*Activity*. The listing below should be written out exactly; please include all of it.

*Dataset records*.
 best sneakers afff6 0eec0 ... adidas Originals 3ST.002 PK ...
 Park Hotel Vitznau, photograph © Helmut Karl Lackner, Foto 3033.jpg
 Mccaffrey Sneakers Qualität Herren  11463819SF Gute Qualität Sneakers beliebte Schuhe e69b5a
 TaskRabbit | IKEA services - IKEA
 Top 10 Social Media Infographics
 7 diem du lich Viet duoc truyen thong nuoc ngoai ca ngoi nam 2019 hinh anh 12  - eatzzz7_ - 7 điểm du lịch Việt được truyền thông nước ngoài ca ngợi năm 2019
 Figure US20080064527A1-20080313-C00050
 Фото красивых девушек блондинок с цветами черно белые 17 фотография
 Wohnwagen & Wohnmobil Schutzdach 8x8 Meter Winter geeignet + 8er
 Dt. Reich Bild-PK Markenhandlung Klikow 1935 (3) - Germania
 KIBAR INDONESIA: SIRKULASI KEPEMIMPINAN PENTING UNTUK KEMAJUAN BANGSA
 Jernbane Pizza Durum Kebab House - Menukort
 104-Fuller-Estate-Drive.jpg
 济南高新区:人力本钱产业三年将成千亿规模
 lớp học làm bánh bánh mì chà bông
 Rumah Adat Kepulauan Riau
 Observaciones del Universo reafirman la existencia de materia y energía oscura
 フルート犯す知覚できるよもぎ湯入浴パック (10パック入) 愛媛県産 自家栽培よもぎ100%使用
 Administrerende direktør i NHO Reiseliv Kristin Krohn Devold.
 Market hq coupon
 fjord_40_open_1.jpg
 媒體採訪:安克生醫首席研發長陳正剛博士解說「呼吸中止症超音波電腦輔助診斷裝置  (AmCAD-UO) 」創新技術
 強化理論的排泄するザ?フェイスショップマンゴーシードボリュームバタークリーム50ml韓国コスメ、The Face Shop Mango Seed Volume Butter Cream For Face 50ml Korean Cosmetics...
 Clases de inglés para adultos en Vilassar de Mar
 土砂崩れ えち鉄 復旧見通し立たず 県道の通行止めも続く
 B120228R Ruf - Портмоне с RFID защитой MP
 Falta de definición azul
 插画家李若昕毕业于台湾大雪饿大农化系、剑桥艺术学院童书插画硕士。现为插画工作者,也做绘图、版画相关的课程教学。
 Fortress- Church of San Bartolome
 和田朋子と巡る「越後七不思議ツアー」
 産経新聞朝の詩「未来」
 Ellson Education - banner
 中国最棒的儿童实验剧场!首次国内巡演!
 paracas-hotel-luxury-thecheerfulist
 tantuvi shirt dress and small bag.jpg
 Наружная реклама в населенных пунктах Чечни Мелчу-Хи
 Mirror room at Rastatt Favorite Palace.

*Solution for this task*.
 best sneakers afff6 0eec0 ... adidas Originals 3ST.002 PK ...
 Park Hotel Vitznau, photograph © Helmut Karl Lackner, Foto 3033.jpg
 Mccaffrey Sneakers Qualität Herren  11463819SF Gute Qualität Sneakers beliebte Schuhe e69b5a
 TaskRabbit | IKEA services - IKEA
 Top 10 Social Media Infographics
 7 diem du lich Viet duoc truyen thong nuoc ngoai ca ngoi nam 2019 hinh anh 12  - eatzzz7_ - 7 điểm du lịch Việt được truyền thông nước ngoài ca ngợi năm 2019
 Figure US20080064527A1-20080313-C00050
 Фото красивых девушек блондинок с цветами черно белые 17 фотография
 Wohnwagen & Wohnmobil Schutzdach 8x8 Meter Winter geeignet + 8er
 Dt. Reich Bild-PK Markenhandlung Klikow 1935 (3) - Germania
 KIBAR INDONESIA: SIRKULASI KEPEMIMPINAN PENTING UNTUK KEMAJUAN BANGSA
 Jernbane Pizza Durum Kebab House - Menukort
 104-Fuller-Estate-Drive.jpg
 济南高新区:人力本钱产业三年将成千亿规模
 lớp học làm bánh bánh mì chà bông
 Rumah Adat Kepulauan Riau
 Observaciones del Universo reafirman la existencia de materia y energía oscura
 フルート犯す知覚できるよもぎ湯入浴パック (10パック入) 愛媛県産 自家栽培よもぎ100%使用
 Administrerende direktør i NHO Reiseliv Kristin Krohn Devold.
 Market hq coupon
 fjord_40_open_1.jpg
 媒體採訪:安克生醫首席研發長陳正剛博士解說「呼吸中止症超音波電腦輔助診斷裝置  (AmCAD-UO) 」創新技術
 強化理論的排泄するザ?フェイスショップマンゴーシードボリュームバタークリーム50ml韓国コスメ、The Face Shop Mango Seed Volume Butter Cream For Face 50ml Korean Cosmetics...
 Clases de inglés para adultos en Vilassar de Mar
 土砂崩れ えち鉄 復旧見通し立たず 県道の通行止めも続く
 B120228R Ruf - Портмоне с RFID защитой MP
 Falta de definición azul
 插画家李若昕毕业于台湾大雪饿大农化系、剑桥艺术学院童书插画硕士。现为插画工作者,也做绘图、版画相关的课程教学。
 Fortress- Church of San Bartolome
 和田朋子と巡る「越後七不思議ツアー」
 産経新聞朝の詩「未来」
 Ellson Education - banner
 中国最棒的儿童实验剧场!首次国内巡演!
 paracas-hotel-luxury-thecheerfulist
 tantuvi shirt dress and small bag.jpg
 Наружная реклама в населенных пунктах Чечни Мелчу-Хи
 Mirror room at Rastatt Favorite Palace.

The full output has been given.